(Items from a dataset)
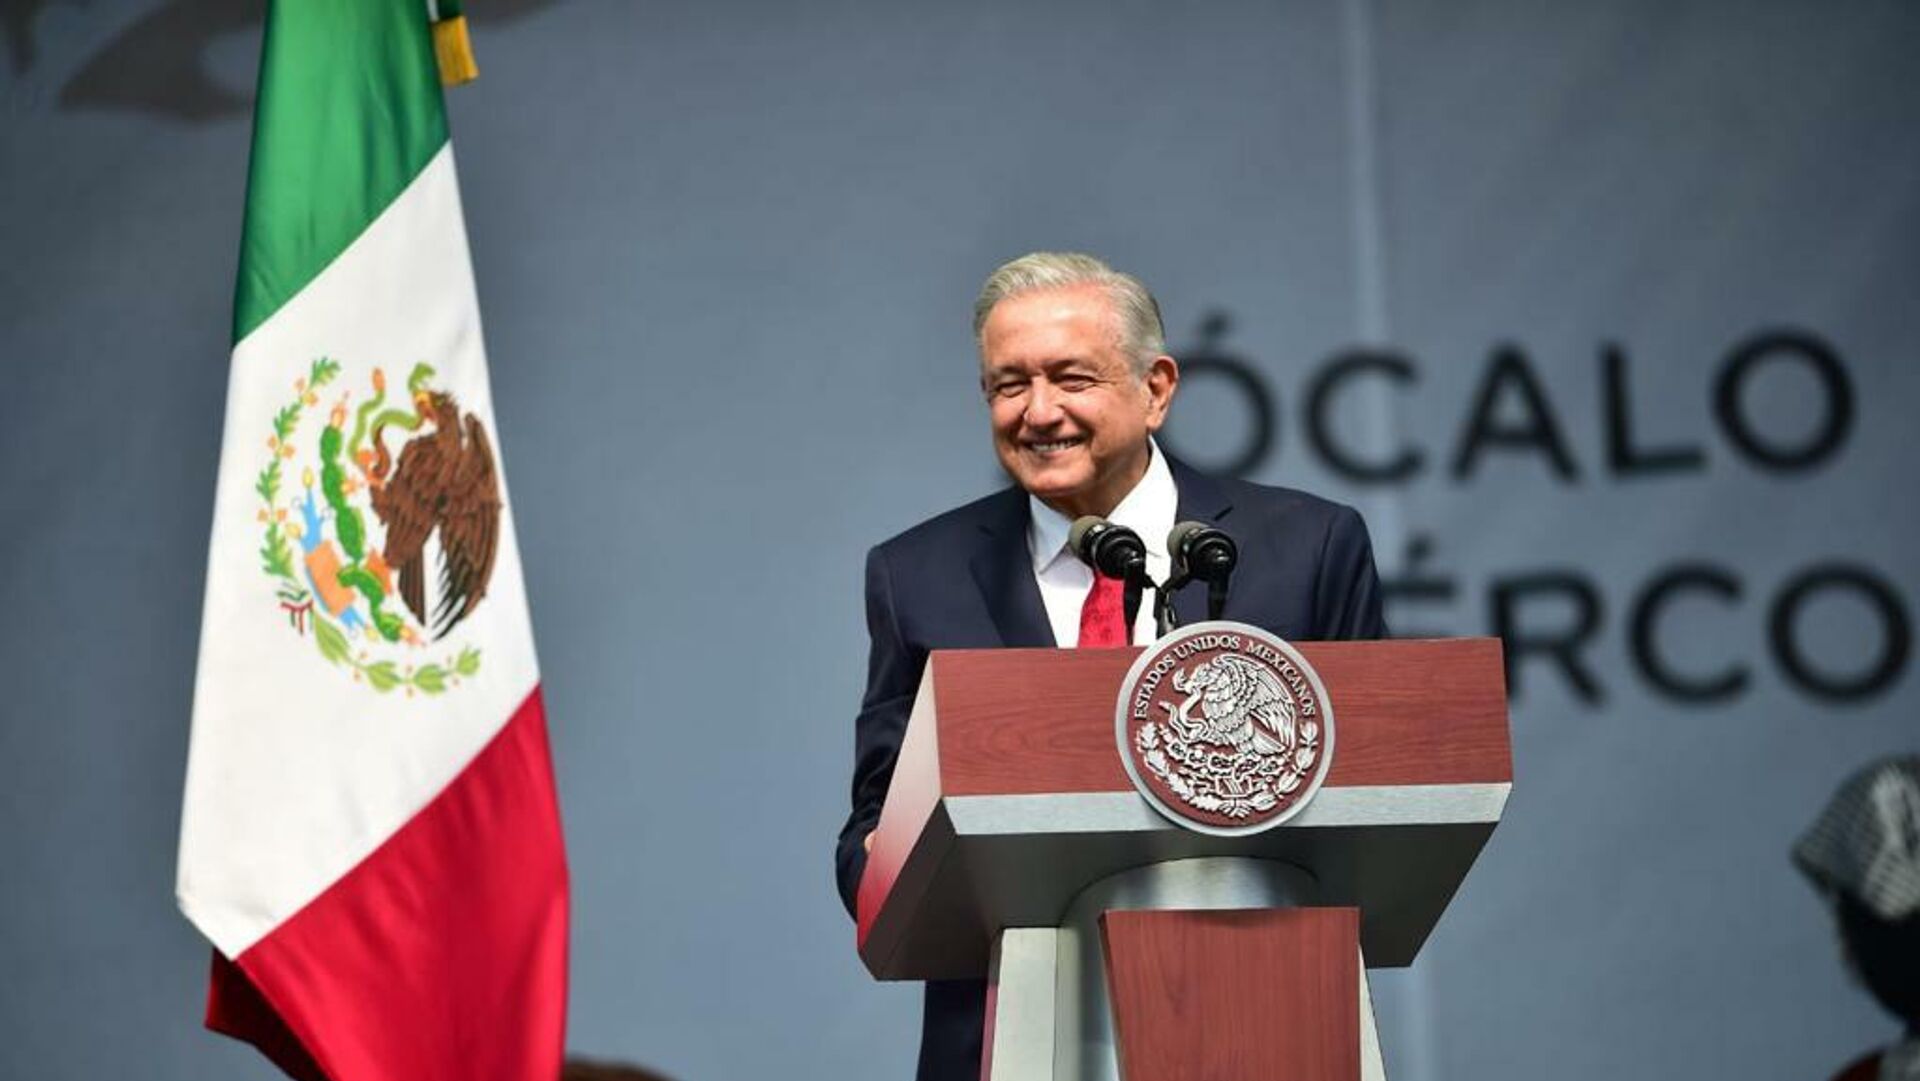 Andrés Manuel López Obrador, presidente de México - Sputnik Mundo, 1920, 02.12.2021
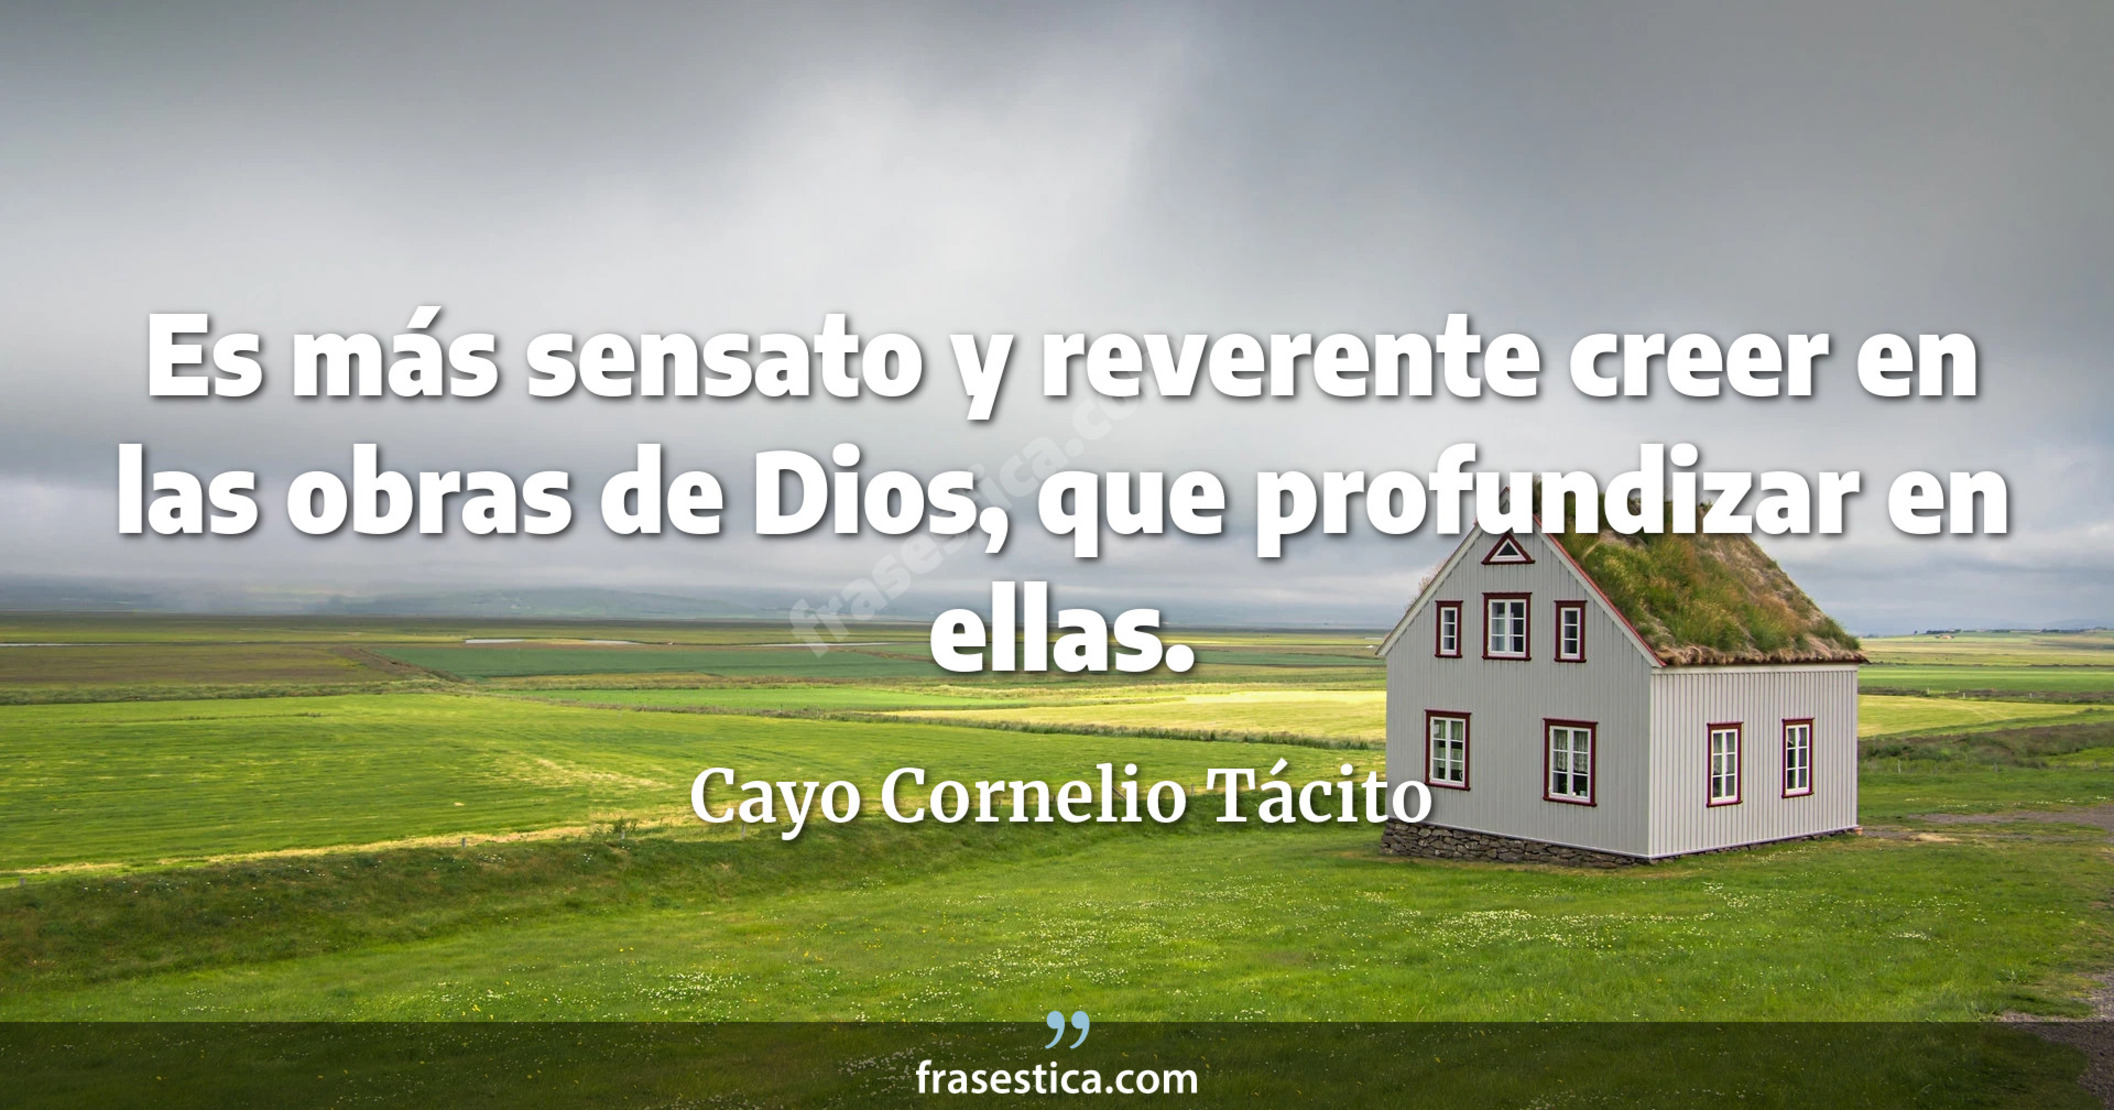 Es más sensato y reverente creer en las obras de Dios, que profundizar en ellas. - Cayo Cornelio Tácito
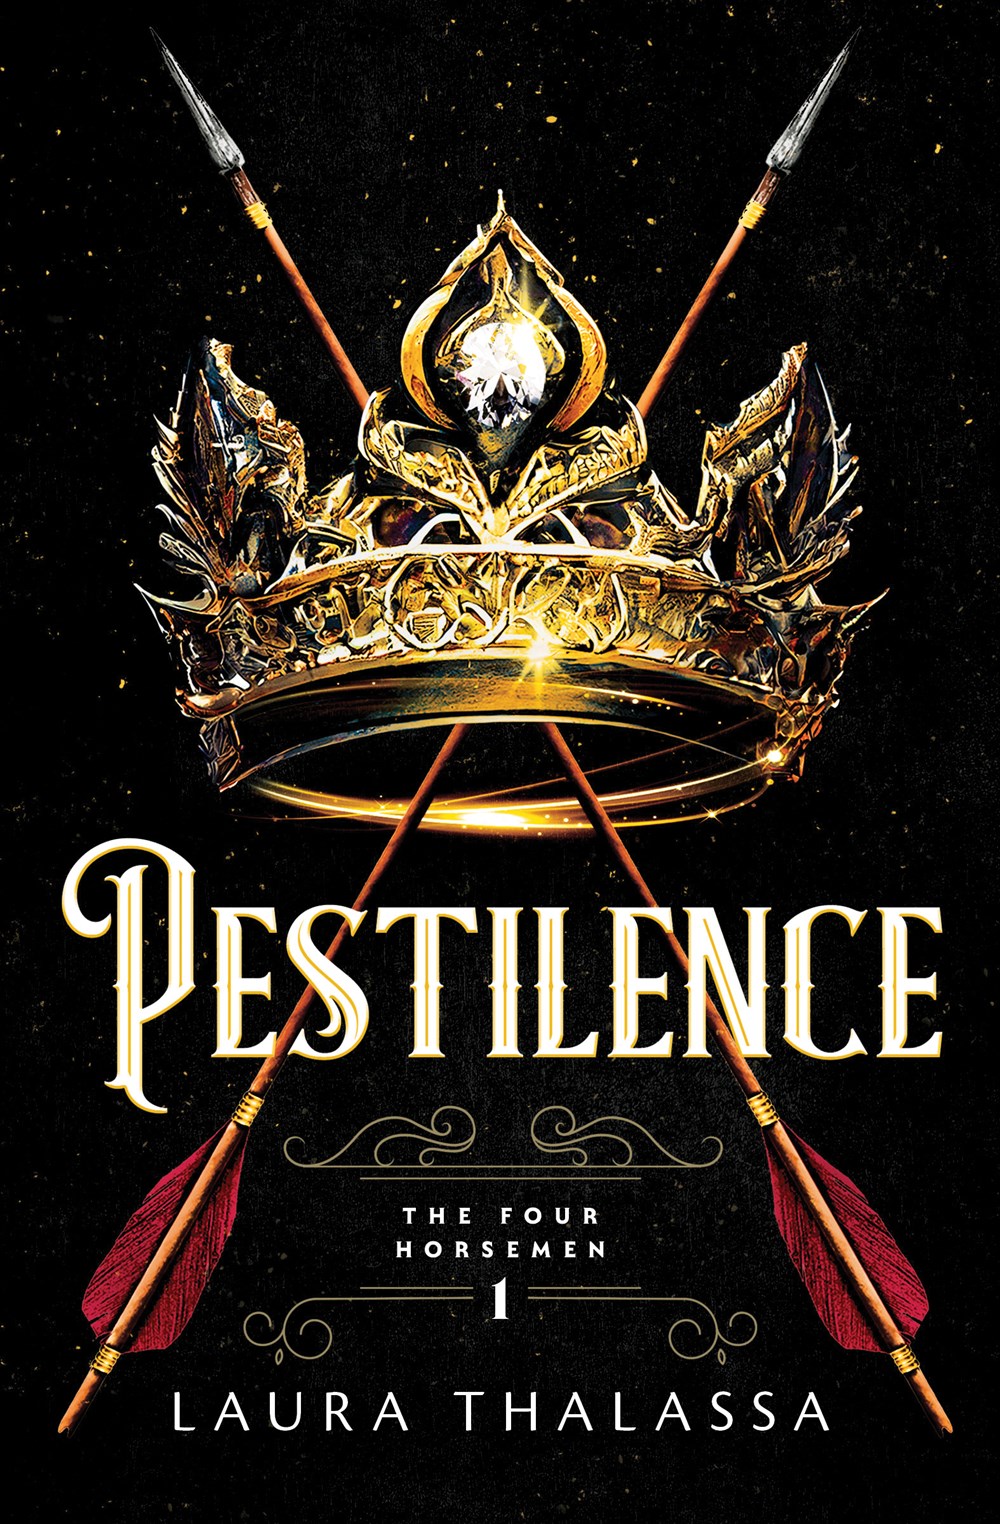 Pestilence - Laura Thalassa
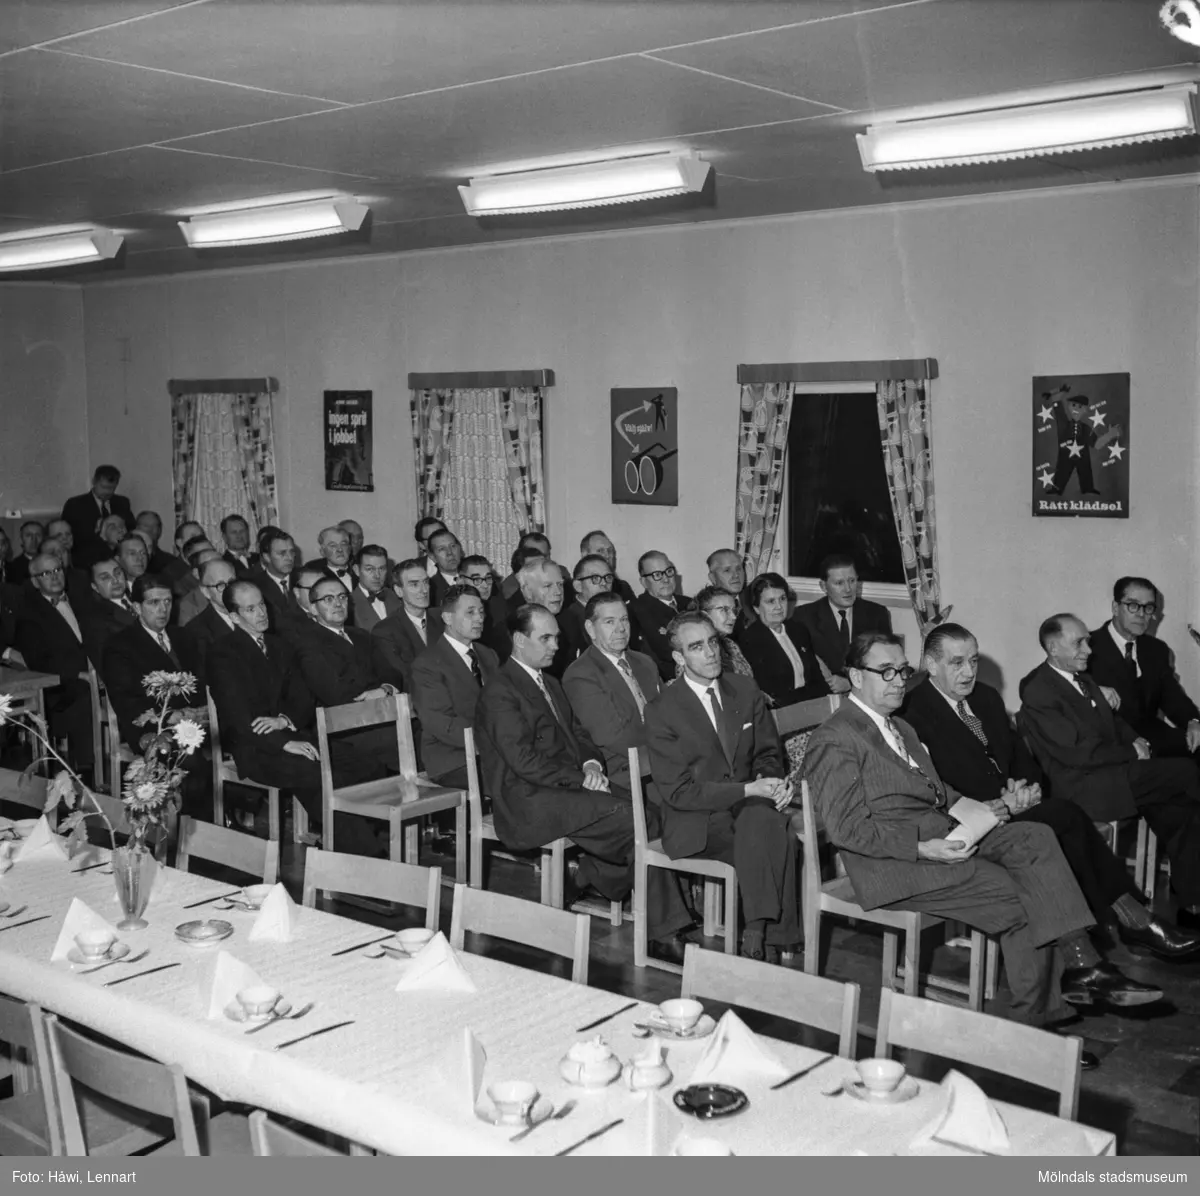 Pappersbruket apyrus i Mölndal, 13/11 1957. Föreningen för arbetarskydds guldmedalj utdelas till Nils Nilsson och Carl Nygren.
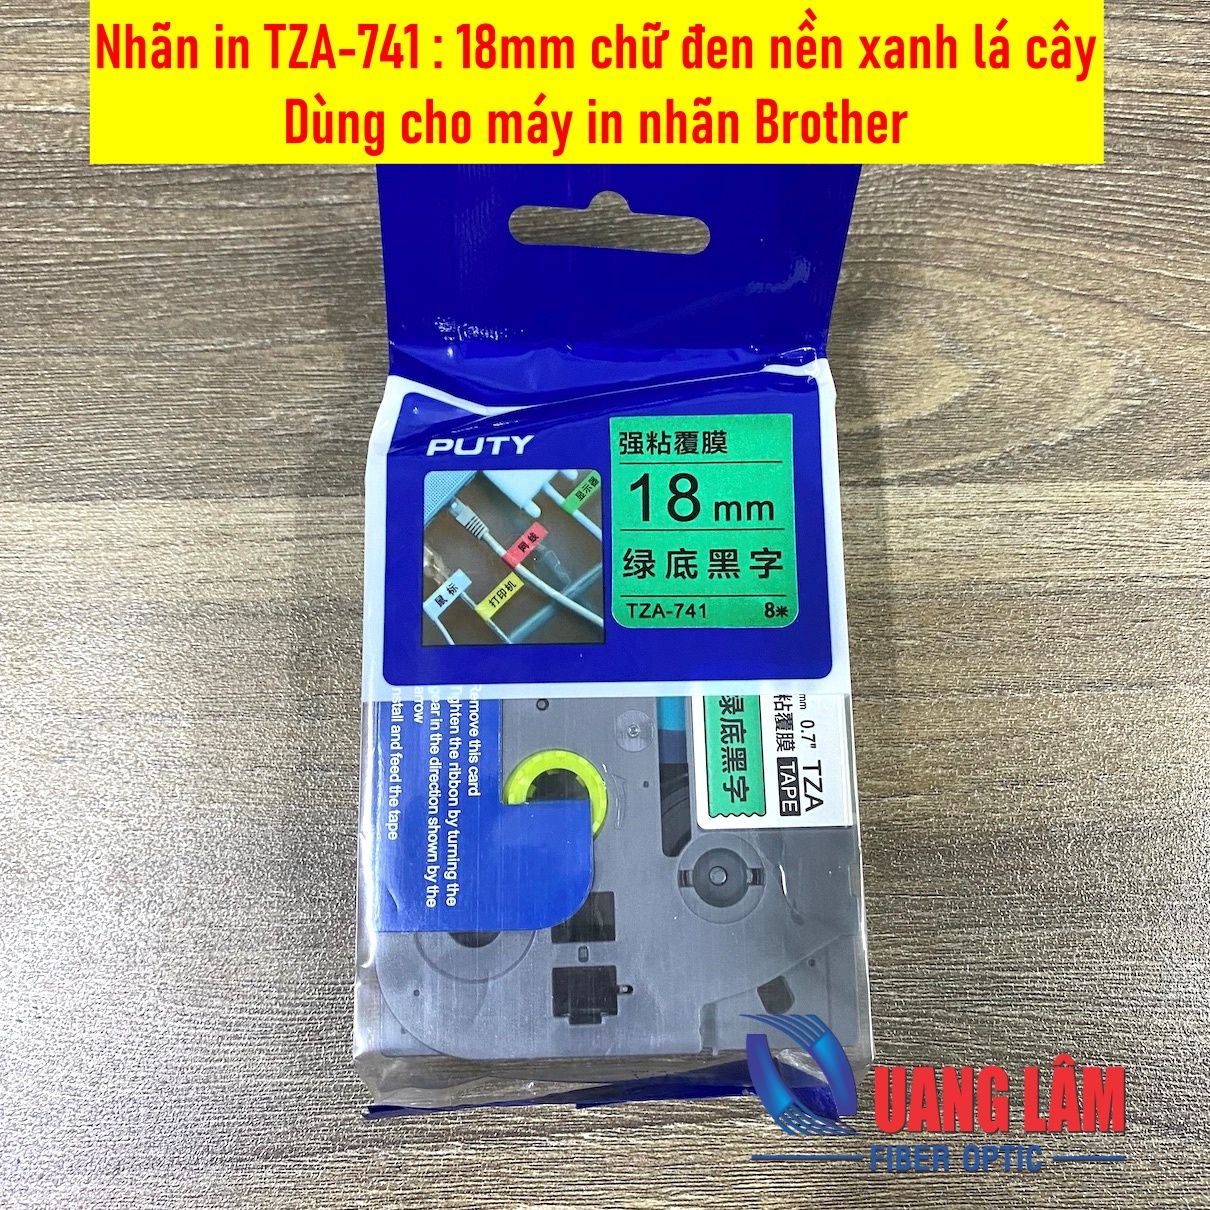 Nhãn in TZA-741, Loại tiêu chuẩn, Chữ đen trên nền xanh lá, Khổ 18mmx8M

__Assignment__: The answer must be the exact lines from the line with "Es más sensato" to the final line of the data, both ends included, with no pictures.

__Output for this task__:
 Es más sensato y reverente creer en las obras de Dios, que profundizar en ellas. - Cayo Cornelio Tácito
 Pestilence - Laura Thalassa
 Pappersbruket apyrus i Mölndal, 13/11 1957. Föreningen för arbetarskydds guldmedalj utdelas till Nils Nilsson och Carl Nygren.
 Nhãn in TZA-741, Loại tiêu chuẩn, Chữ đen trên nền xanh lá, Khổ 18mmx8M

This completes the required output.